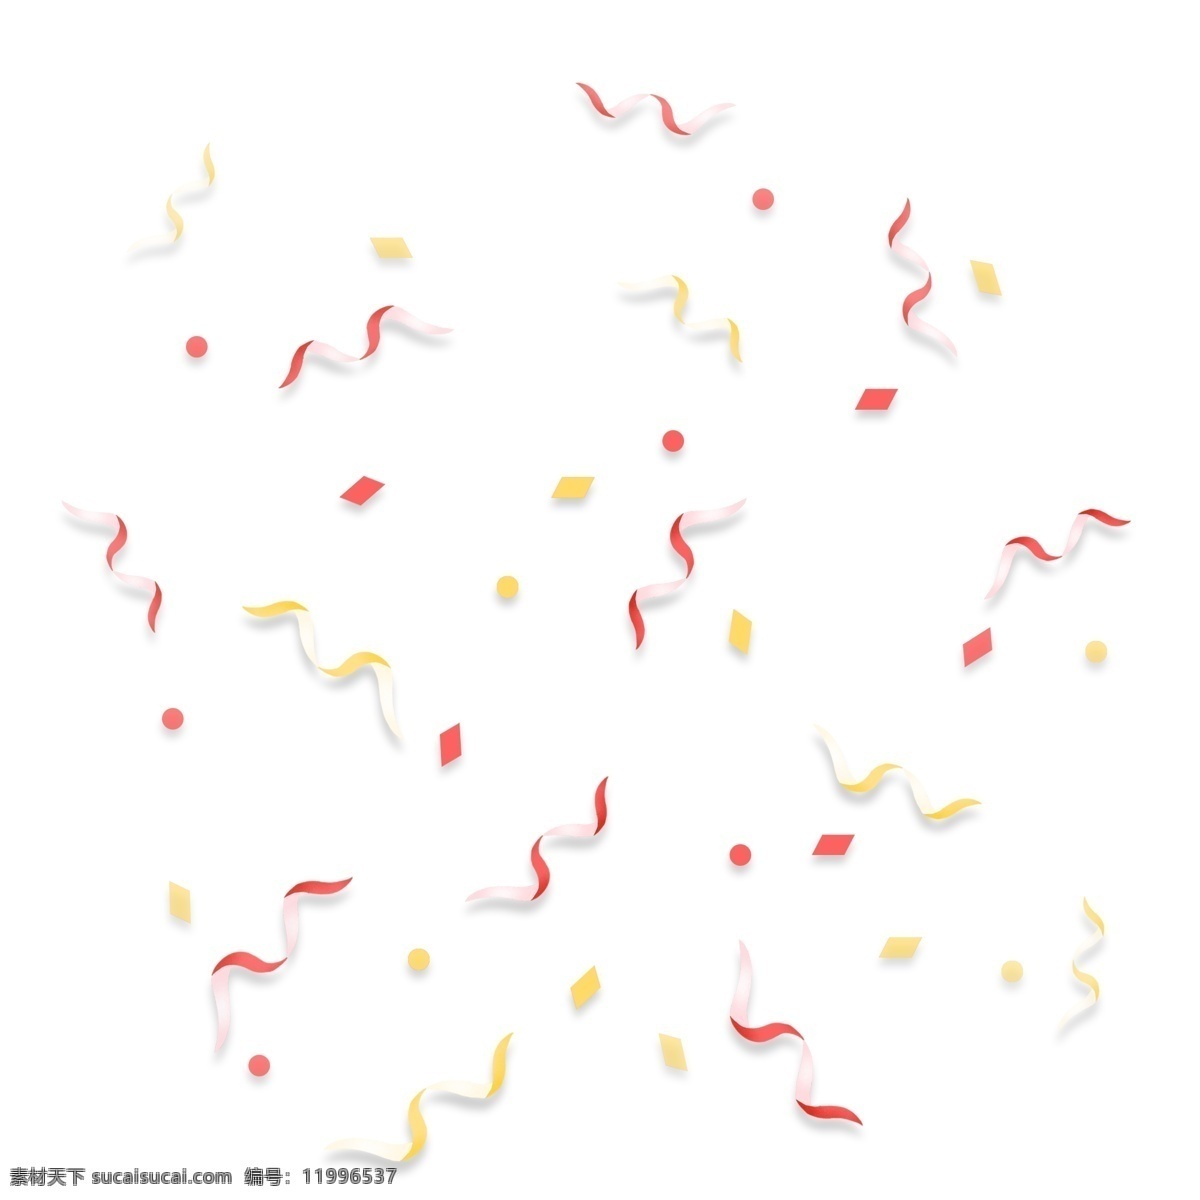 节日 活动 丝带 彩带 碎 纸 漂浮 元素 喜庆 红色 金色 庆典 彩礼 碎片 碎纸 纸片 圆点 装饰图片 小图
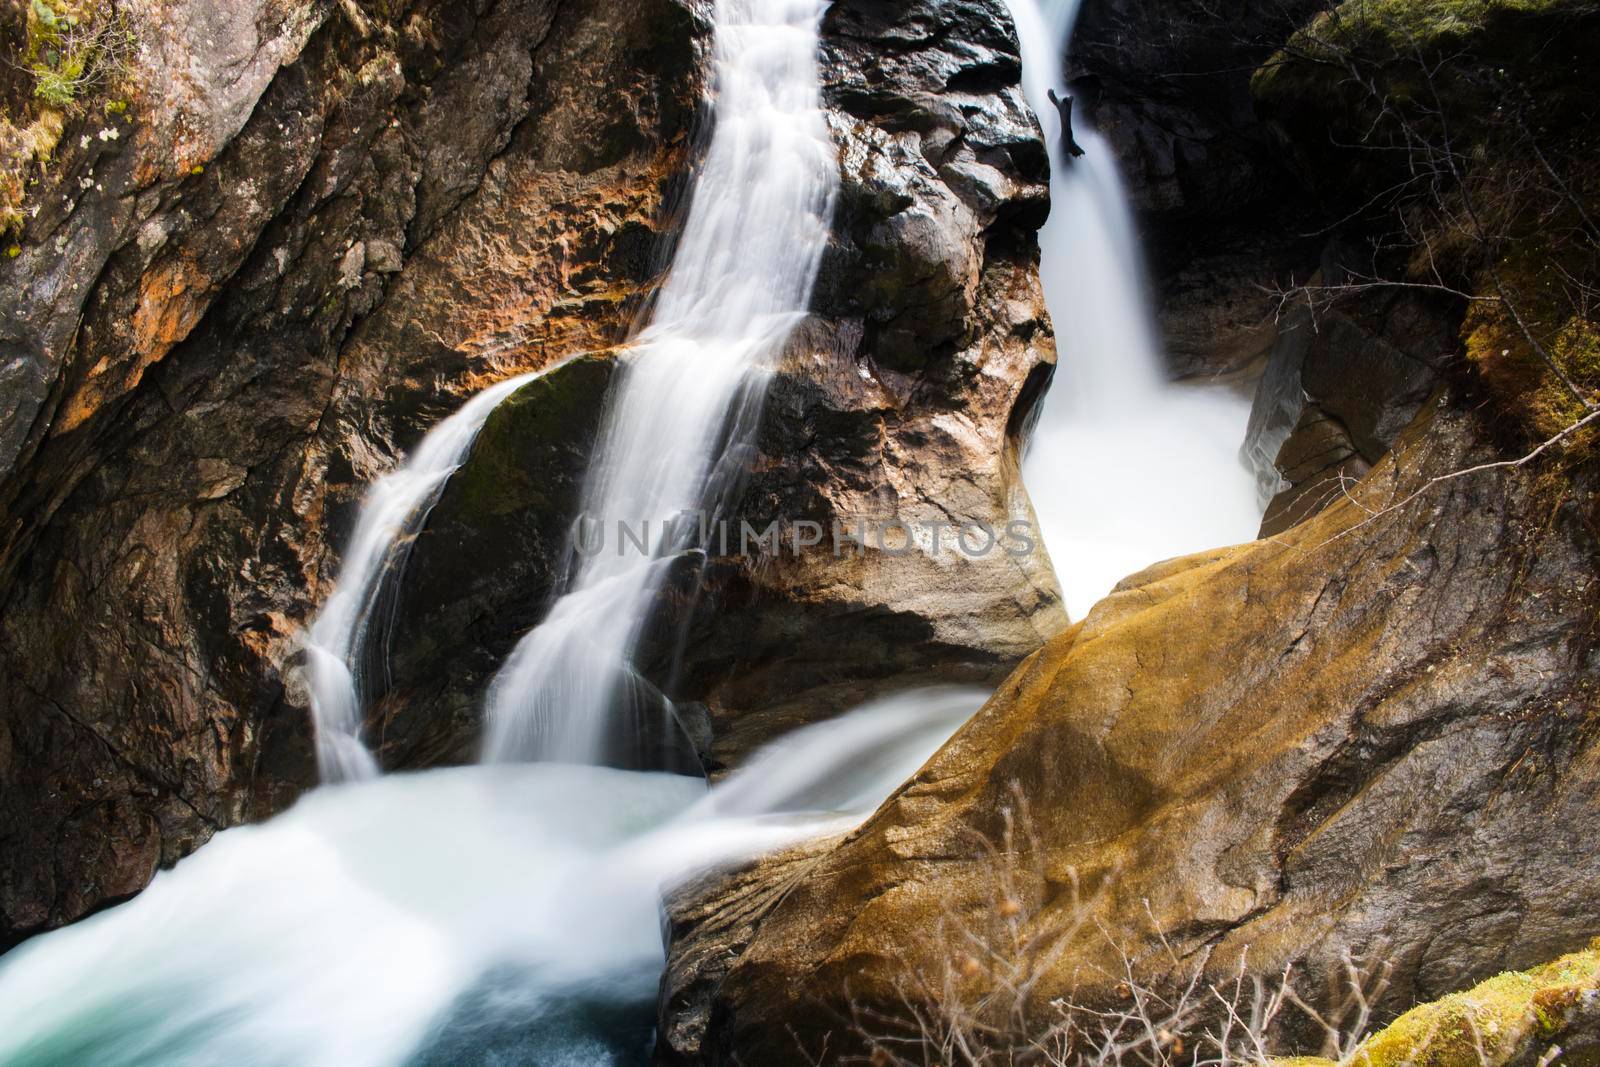 Krimmler waterfall in Austria by ValentimePix
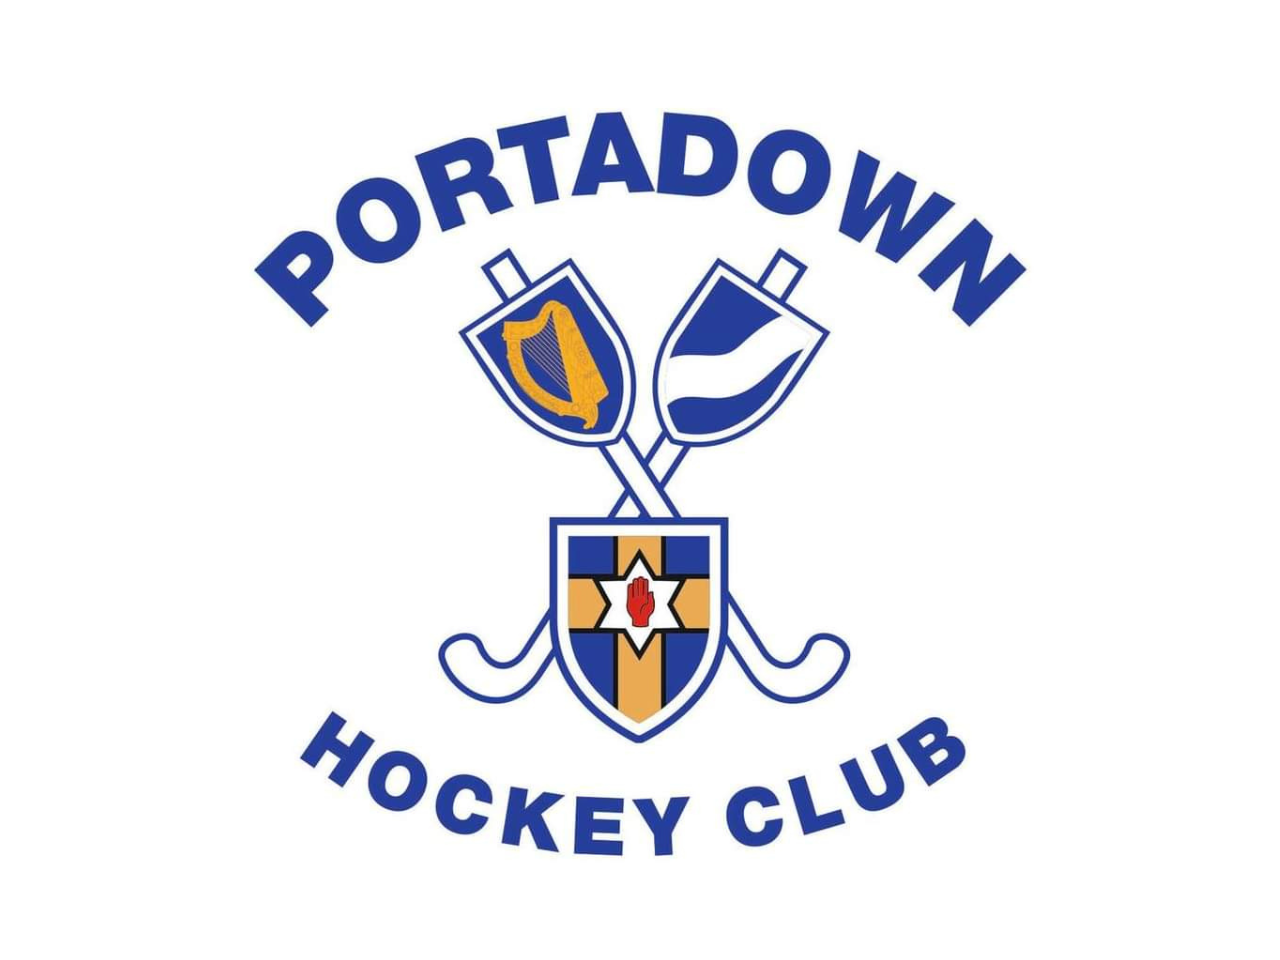 Portadown Ladies Hockey Club Sponsorship

* [WHAT YOU ARE ASKED TO DO]
Precisely the lines from the one containing "Krimmler waterfall in" to the end of the data above, both included, should be printed; leave the pictures out.

* [ANSWER FOR THE TASK]
 Krimmler waterfall in Austria by ValentimePix
 Portadown Ladies Hockey Club Sponsorship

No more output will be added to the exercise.